American Airlines is the latest carrier to contract Landline for connecting “flights” operated with buses. The move comes as U.S. airlines face the concurrent challenges from a pilot shortage primarily hitting regional operators and elevated fuel prices that together have forced many airlines to fly less than they would prefer.
Landline will connect American’s Philadelphia hub to Lehigh Valley airport near Allentown, Pa., and the airport in Atlantic City, N.J., beginning June 3. The destinations are 70 miles and 56 miles, respectively, distant from the Philadelphia airport, according to Google Maps. And while Atlantic City is a new addition to the Fort Worth, Texas-based carrier’s map, it serves Allentown — with planes — from several of its other hubs, and flew Philadelphia-Allentown until suspending the route early in the pandemic, in May 2020.
The partnership is similar to ones Landline has with Sun Country Airlines in Minneapolis-St. Paul and United Airlines in Denver. Buses will be painted in an American livery, tickets will sold exclusively by the airline as its own “flights,” and bags will be transferred between buses and planes as with any connecting flight. But the new American pact takes the tie up one step further: pending approvals, travelers will clear security in Allentown and Atlantic City and arrive airside at a yet-to-be-determined gate in Philadelphia.
American Vice President of Network Planning Brian Znotins in a statement described the partnership as “one more way” for travelers to connect to the airline’s flights in Philadelphia.
At a high level, that’s what Landline does: It gives airlines an another tool to expand their networks to destinations near their hubs. Buses make some routes economically feasible that are not with a plane. For example, American predecessor US Airways served Atlantic City nonstop from Philadelphia on and off until 2003. The route is unlikely to be considered today with the poor fuel economics of 50-seat regional jets — the smallest in American’s regional fleet — and proximity of the city to Philadelphia.
The flight-on-a-bus business model also recognizes the fact of the U.S. transport system, that roads — and buses — are much more prevalent than trains. Airlines like American and United do not have the inter-city rail option in Philadelphia or Denver to connect airports to nearby communities that Air France and Lufthansa have in Paris and Frankfurt. Philadelphia does have a rail connection to Atlantic City, though not via its airport.

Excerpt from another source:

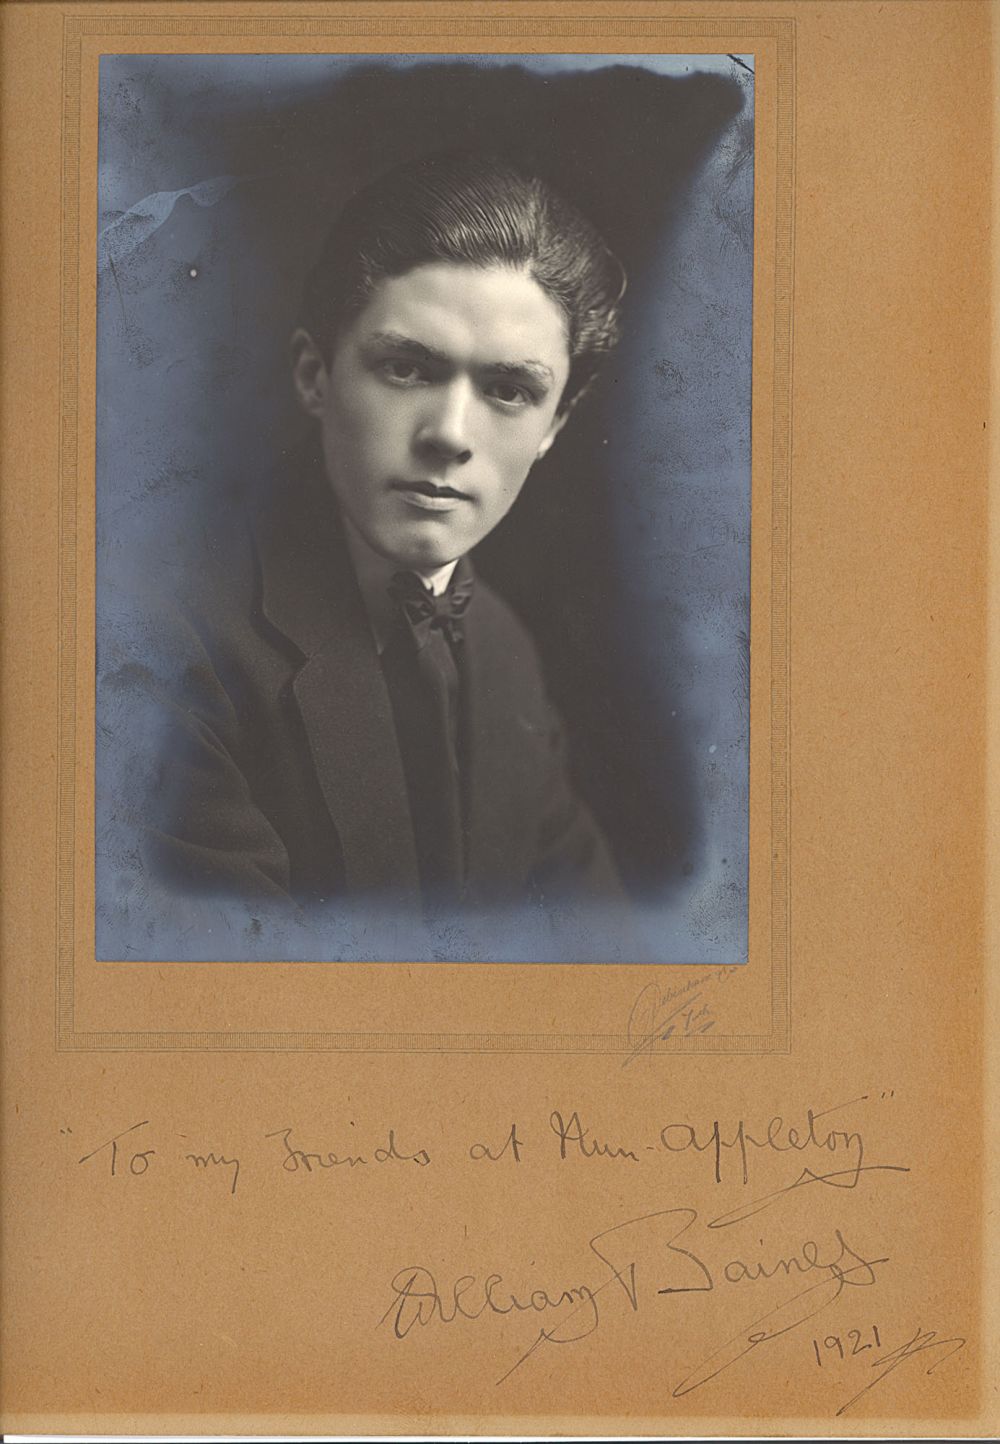 Signed photo of William Baines, Composer (1899-1922)

If there is anywhere a bus-to-flight connection could work in the U.S., its Lehigh Valley. The airport boasts the longest continually running bus-as-flight connection in the U.S. — a United service to its Newark hub. Darren Betters, director of business development at the Lehigh-Northampton Airport Authority that operates the Lehigh Valley airport, described the connection as “pretty successful.” He added that most local travelers prefer to park there and take the bus, then make the 78-mile drive to Newark.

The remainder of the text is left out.